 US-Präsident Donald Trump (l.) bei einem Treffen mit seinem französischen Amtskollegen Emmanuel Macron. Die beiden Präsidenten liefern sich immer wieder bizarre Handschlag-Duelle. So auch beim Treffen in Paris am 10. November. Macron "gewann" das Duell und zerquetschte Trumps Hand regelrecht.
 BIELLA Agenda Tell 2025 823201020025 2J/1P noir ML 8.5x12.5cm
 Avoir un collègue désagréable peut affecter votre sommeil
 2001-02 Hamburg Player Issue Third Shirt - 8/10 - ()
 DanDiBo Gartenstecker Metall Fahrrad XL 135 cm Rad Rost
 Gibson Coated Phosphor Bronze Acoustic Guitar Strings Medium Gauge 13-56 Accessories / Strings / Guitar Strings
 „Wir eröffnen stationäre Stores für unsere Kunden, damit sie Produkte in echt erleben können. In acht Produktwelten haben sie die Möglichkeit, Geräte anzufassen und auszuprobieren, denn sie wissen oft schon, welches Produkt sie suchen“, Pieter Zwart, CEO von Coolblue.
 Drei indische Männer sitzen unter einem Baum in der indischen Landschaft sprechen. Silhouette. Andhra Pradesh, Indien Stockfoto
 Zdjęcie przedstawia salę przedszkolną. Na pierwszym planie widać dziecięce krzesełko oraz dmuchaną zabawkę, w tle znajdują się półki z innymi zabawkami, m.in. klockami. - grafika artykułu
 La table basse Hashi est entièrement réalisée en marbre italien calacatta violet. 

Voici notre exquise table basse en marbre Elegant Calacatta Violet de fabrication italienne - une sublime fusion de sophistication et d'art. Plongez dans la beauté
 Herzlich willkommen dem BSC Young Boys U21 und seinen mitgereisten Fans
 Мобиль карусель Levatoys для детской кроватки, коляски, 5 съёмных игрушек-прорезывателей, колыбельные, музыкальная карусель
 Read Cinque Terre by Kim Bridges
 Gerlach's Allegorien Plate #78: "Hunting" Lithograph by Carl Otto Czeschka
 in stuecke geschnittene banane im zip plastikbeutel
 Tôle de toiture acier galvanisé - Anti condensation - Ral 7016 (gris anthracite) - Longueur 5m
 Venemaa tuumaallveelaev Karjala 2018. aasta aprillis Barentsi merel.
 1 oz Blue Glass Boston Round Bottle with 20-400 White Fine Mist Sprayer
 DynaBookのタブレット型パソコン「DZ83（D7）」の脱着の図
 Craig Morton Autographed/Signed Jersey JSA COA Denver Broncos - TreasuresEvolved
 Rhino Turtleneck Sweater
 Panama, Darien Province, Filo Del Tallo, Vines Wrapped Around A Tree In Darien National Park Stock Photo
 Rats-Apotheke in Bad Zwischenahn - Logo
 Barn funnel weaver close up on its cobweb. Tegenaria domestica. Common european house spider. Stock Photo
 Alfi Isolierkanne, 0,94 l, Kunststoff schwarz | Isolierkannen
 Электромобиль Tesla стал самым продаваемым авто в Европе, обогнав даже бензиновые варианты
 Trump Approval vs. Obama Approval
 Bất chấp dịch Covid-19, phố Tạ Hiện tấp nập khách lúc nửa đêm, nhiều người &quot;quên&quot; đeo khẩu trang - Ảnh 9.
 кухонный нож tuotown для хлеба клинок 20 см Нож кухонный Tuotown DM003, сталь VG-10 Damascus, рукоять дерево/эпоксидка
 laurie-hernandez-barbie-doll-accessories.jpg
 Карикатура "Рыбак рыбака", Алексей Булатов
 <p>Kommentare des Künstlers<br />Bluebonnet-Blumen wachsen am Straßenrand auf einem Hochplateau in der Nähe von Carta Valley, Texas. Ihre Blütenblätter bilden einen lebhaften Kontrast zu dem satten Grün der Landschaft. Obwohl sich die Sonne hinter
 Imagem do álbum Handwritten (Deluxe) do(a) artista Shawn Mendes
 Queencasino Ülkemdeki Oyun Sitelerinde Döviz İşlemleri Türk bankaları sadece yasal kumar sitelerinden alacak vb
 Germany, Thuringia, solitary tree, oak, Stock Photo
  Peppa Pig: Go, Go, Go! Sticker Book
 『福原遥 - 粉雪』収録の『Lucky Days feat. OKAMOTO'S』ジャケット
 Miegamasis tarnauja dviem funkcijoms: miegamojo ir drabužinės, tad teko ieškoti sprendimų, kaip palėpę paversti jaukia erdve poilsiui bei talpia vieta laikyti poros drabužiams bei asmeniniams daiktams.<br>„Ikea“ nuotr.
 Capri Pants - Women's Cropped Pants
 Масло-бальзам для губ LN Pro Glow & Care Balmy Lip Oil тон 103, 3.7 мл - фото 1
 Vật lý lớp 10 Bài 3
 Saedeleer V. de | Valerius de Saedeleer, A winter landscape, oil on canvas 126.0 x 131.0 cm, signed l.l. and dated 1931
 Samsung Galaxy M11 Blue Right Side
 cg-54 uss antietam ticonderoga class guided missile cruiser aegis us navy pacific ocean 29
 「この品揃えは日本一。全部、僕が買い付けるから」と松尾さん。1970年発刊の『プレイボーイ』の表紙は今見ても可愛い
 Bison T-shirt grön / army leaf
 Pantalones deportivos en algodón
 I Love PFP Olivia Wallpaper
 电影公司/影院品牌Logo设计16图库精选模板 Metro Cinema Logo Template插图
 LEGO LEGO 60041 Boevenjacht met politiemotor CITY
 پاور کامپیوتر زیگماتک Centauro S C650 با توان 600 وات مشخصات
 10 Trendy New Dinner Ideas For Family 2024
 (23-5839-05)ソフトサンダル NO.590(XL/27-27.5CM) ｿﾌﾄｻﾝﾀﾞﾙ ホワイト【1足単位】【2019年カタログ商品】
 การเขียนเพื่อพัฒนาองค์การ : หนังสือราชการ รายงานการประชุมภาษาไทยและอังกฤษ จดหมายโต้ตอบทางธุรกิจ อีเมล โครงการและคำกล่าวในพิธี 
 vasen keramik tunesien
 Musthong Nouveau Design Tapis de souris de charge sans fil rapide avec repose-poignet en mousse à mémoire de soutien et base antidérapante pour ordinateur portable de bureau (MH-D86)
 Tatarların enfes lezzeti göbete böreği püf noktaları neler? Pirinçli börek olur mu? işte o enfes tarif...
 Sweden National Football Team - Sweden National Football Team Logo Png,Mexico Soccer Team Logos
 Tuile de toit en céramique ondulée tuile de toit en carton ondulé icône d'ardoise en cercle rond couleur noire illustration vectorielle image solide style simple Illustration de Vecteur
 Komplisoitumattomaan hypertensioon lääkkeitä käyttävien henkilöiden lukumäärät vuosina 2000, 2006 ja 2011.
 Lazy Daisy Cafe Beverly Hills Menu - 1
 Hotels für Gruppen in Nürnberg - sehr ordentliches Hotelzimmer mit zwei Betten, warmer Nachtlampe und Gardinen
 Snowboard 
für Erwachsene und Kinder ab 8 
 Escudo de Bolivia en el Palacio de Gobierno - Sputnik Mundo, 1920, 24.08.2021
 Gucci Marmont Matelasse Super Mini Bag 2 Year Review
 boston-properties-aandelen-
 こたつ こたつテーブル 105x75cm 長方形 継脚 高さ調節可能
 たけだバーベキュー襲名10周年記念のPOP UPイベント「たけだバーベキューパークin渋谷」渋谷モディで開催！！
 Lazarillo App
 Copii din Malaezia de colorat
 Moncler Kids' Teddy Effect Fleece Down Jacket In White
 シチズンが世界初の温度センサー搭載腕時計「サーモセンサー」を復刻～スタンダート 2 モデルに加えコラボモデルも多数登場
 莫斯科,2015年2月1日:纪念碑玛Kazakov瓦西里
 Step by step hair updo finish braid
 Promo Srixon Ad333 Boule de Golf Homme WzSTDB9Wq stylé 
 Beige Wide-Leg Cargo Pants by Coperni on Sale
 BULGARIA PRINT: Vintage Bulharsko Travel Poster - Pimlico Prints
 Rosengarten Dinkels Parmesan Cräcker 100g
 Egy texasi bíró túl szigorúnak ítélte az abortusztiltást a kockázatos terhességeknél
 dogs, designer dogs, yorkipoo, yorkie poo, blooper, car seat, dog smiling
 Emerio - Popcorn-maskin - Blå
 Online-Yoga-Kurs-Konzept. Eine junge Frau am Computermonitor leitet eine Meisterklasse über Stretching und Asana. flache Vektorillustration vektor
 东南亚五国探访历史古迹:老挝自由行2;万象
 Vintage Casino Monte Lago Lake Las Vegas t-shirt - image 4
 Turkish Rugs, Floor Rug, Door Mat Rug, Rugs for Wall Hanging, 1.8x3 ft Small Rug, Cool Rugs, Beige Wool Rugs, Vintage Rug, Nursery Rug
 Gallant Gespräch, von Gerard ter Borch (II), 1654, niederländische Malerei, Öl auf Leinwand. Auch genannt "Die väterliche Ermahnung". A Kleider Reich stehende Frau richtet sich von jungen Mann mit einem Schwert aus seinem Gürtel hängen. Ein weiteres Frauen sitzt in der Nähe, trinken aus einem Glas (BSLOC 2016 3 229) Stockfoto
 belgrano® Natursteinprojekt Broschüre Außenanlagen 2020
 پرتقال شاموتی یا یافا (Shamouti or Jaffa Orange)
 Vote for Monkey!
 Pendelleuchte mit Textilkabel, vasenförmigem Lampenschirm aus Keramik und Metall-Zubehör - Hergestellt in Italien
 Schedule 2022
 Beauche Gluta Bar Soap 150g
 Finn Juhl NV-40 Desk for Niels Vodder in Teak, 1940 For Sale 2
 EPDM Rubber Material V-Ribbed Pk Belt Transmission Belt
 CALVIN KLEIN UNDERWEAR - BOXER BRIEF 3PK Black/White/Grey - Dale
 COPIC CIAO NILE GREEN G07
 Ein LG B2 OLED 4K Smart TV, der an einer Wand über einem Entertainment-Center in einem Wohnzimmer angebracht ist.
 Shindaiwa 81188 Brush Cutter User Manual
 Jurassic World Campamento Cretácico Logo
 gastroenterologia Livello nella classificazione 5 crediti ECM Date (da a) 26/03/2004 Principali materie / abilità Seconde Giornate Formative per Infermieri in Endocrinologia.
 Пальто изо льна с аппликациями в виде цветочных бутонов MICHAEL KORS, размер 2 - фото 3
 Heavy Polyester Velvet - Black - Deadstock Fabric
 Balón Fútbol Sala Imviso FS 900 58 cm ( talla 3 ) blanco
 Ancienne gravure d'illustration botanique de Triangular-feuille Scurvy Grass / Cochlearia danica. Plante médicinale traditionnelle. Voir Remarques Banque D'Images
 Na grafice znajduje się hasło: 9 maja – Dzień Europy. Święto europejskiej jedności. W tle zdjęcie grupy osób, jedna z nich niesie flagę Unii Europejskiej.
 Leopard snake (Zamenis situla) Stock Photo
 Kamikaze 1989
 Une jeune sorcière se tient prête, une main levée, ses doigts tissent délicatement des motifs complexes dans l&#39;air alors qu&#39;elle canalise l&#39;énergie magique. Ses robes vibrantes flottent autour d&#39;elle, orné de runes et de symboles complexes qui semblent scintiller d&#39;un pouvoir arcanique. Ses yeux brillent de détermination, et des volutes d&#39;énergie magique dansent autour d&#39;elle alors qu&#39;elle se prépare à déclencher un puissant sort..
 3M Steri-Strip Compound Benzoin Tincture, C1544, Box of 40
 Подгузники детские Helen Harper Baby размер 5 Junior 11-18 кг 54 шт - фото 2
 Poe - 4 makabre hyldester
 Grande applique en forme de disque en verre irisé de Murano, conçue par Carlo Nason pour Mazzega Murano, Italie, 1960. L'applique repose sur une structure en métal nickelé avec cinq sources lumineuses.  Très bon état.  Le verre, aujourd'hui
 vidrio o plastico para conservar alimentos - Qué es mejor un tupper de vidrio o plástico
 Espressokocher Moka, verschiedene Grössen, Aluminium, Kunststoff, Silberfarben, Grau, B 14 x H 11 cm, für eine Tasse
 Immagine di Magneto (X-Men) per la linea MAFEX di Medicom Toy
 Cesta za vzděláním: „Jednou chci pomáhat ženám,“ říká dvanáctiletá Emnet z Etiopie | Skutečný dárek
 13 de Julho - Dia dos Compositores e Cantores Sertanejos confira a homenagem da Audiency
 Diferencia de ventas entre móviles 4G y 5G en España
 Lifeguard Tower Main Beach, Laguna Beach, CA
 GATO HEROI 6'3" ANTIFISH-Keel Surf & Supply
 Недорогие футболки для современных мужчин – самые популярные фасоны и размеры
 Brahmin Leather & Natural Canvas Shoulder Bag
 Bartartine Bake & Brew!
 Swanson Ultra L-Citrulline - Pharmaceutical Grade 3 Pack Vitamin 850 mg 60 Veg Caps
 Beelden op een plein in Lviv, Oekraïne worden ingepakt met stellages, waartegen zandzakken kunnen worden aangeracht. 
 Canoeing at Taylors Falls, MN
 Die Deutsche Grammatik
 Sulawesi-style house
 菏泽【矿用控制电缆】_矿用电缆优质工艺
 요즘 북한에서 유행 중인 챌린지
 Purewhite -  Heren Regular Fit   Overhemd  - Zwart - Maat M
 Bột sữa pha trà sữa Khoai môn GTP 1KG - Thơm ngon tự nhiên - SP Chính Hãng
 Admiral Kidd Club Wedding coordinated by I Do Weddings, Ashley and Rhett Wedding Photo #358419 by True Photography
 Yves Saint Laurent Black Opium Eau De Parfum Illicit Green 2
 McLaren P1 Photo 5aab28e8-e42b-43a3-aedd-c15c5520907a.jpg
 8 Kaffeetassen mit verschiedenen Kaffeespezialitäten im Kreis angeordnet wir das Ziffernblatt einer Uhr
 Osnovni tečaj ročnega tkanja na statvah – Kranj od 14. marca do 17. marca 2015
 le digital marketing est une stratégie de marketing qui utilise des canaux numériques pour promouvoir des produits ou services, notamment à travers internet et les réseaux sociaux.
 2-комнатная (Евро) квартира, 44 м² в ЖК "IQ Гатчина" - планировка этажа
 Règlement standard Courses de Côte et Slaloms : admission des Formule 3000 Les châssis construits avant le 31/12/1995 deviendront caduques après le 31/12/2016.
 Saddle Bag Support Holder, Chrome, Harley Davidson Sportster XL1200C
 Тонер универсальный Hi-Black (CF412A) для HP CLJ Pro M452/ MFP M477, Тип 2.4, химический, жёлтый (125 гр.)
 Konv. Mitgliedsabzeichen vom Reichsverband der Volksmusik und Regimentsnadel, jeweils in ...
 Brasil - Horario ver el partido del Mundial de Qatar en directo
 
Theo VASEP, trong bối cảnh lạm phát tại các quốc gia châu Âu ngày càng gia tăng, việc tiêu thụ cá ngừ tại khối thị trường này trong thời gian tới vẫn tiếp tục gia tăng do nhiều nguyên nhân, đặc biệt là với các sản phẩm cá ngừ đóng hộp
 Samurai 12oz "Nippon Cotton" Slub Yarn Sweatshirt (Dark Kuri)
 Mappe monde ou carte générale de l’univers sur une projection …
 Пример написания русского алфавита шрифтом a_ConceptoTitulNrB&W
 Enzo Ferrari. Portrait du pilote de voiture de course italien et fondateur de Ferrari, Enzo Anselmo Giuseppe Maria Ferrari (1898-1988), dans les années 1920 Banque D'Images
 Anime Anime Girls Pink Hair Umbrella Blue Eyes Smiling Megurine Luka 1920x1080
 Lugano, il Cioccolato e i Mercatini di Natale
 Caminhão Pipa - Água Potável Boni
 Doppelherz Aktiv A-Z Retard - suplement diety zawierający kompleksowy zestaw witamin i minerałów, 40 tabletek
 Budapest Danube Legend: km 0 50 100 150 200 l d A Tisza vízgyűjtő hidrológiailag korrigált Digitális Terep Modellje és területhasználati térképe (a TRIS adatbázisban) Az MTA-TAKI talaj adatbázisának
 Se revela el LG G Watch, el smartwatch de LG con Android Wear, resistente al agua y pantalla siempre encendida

Exercise prompt -> Word for word, restate the lines of the listing above starting at the line with "Schedule 2022" and ending at the line with "Jurassic World Campamento Cretácico Logo", and nothing outside them.

Answer for this exercise ->
 Schedule 2022
 Beauche Gluta Bar Soap 150g
 Finn Juhl NV-40 Desk for Niels Vodder in Teak, 1940 For Sale 2
 EPDM Rubber Material V-Ribbed Pk Belt Transmission Belt
 CALVIN KLEIN UNDERWEAR - BOXER BRIEF 3PK Black/White/Grey - Dale
 COPIC CIAO NILE GREEN G07
 Ein LG B2 OLED 4K Smart TV, der an einer Wand über einem Entertainment-Center in einem Wohnzimmer angebracht ist.
 Shindaiwa 81188 Brush Cutter User Manual
 Jurassic World Campamento Cretácico Logo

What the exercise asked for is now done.